Last Monday, the Campbell River Council of Canadians, the Hospital Employees’ Union (HEU), and the Canadian Union of Public Employees (CUPE) hosted a forum in Campbell River to discuss the future of health care in Canada.
As part of the CUPE/Council of Canadians’ nation-wide campaign, “Save Our Health Care,” which has held town hall meetings in cities such as Winnipeg, Moncton, Charlottetown and Sault Ste. Marie, the panel spoke to a full house of “over 200 people” at the Maritime Heritage Centre, according to Council of Canadians health campaigner Michael Butler.
“With fair federal funding,” Maude Barlow, panelist at the forum and national chairperson of the Council of Canadians, said in the release for the event, “we can create the health care system we need, with public health care for every British Columbian and every Canadian.

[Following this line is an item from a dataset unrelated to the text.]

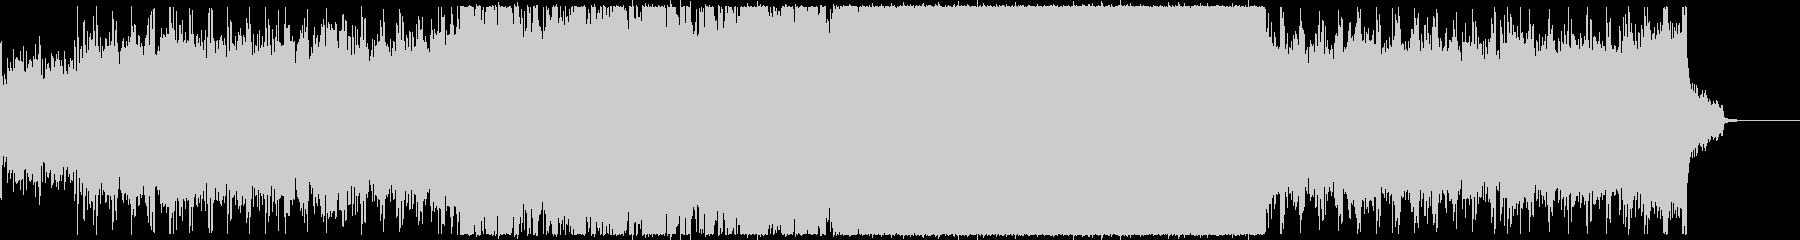 BALLADアメリカンロックバラードの未再生の波形

But when the federal government let the 2004 Health Accord expire … it walked away from its responsibility to protect our public health care system.”

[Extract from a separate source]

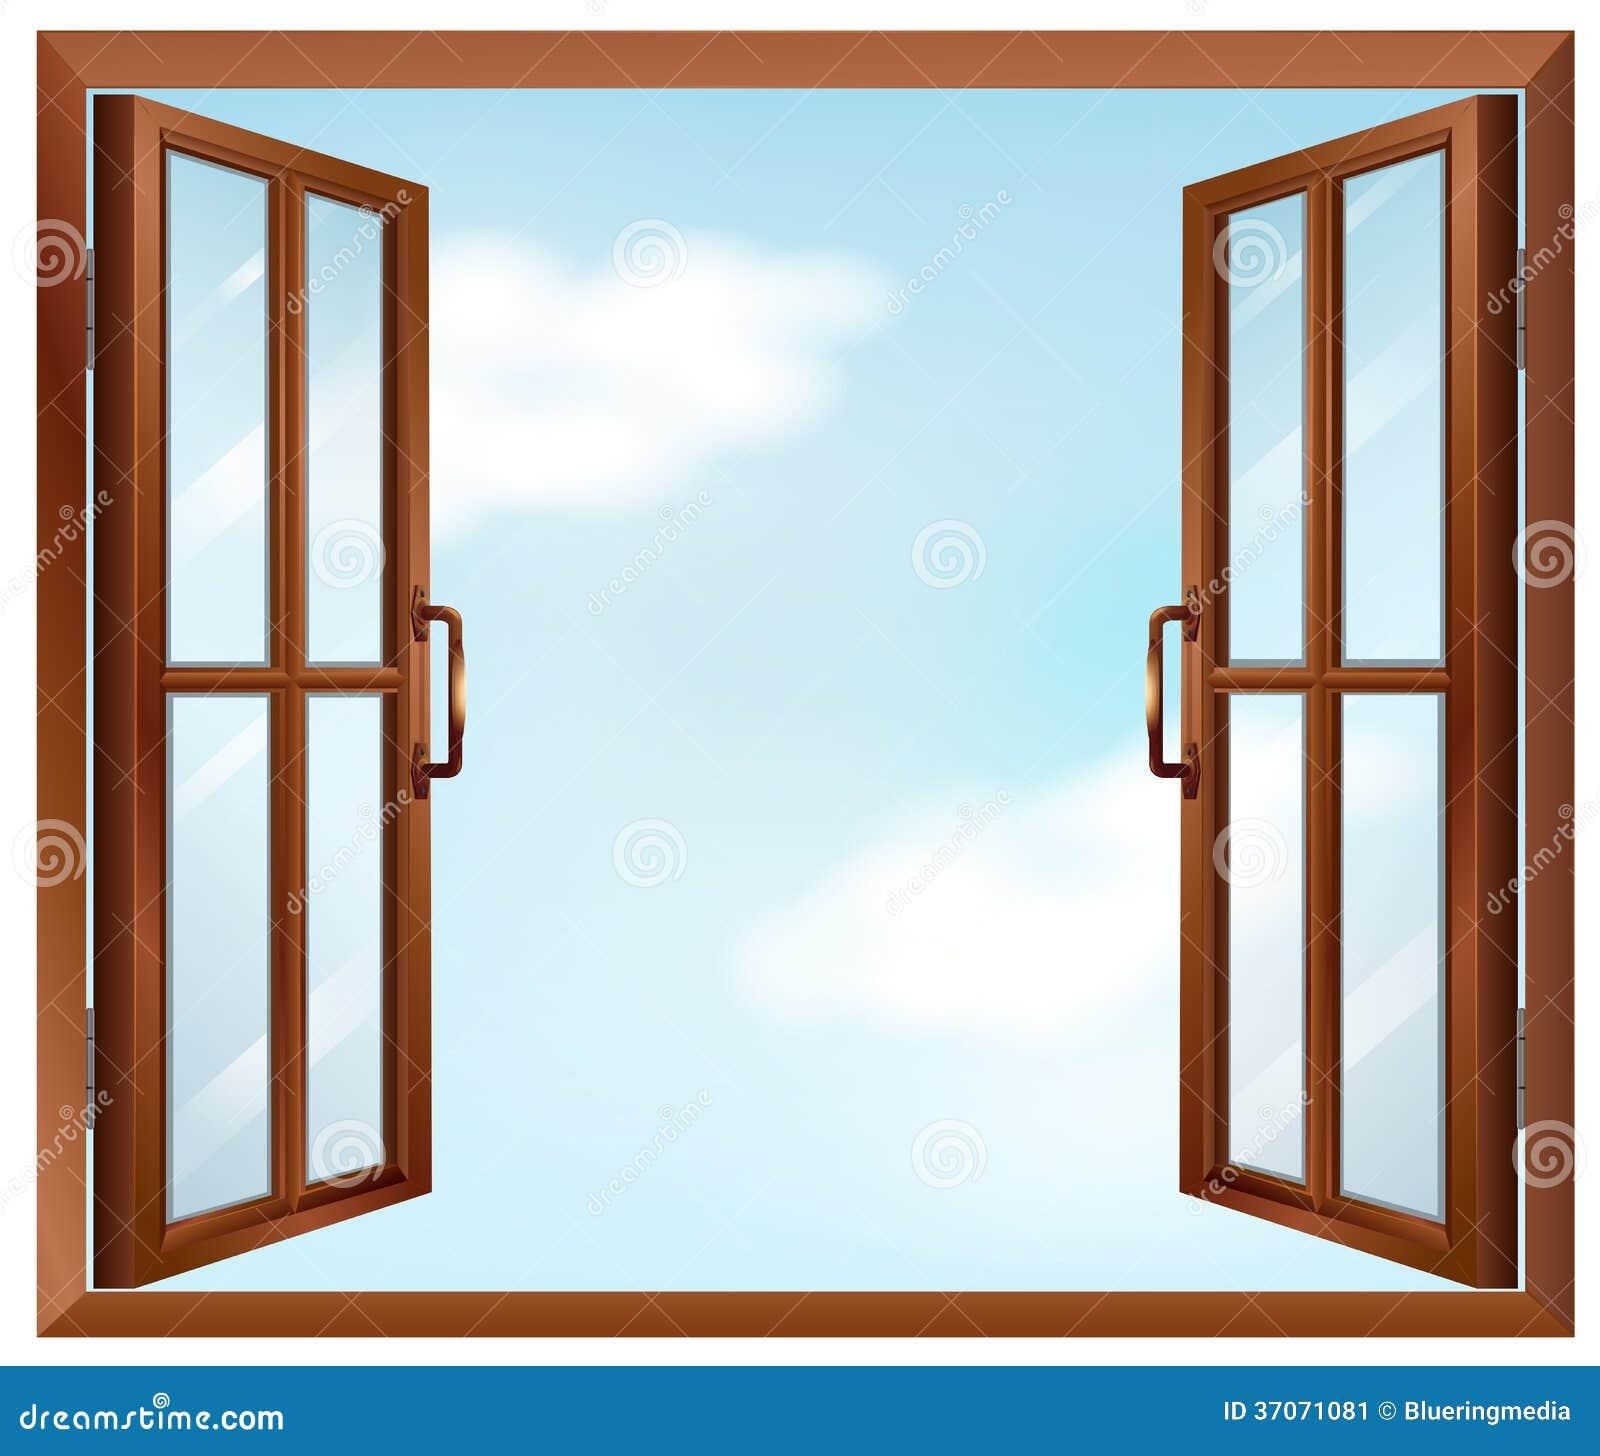 une fen tre de maison image stock image 37071081. Black Bedroom Furniture Sets. Home Design Ideas

Neil Monckton of the HEU says it is important to keep these issues on the forefront of people’s minds as we head into another federal election cycle.
“We first raised the alarm last year before the cuts were introduced,” Monckton said, “and now that they’ve happened, we want to keep people talking about how people are being affected by them.
“We need to let people know their MPs, who voted for these cuts, are accountable to them, and if they’re not happy about the cuts, they should make the decision in the next election to choose representation who listens to them.”
He also said that there was another event the following night in Courtenay/Comox, where, despite the community’s population being much higher, the turnout was much lower. According to Monckton, that shows the exceptional level of engagement of Campbell Riverites have with their health care system.
“It was great to hear people sharing their stories of the challenges they’re facing,” Monckton said, adding that long-term care homes were an especially hot topic of discussion at the meeting.
“In the end, when you have people like Maude Barlow and Paul Moist going around to communities like this, and they show up in the numbers like we saw in Campbell River, it’s really indicative of the severity of the issue,” Monckton said, “and we need to keep people talking about it.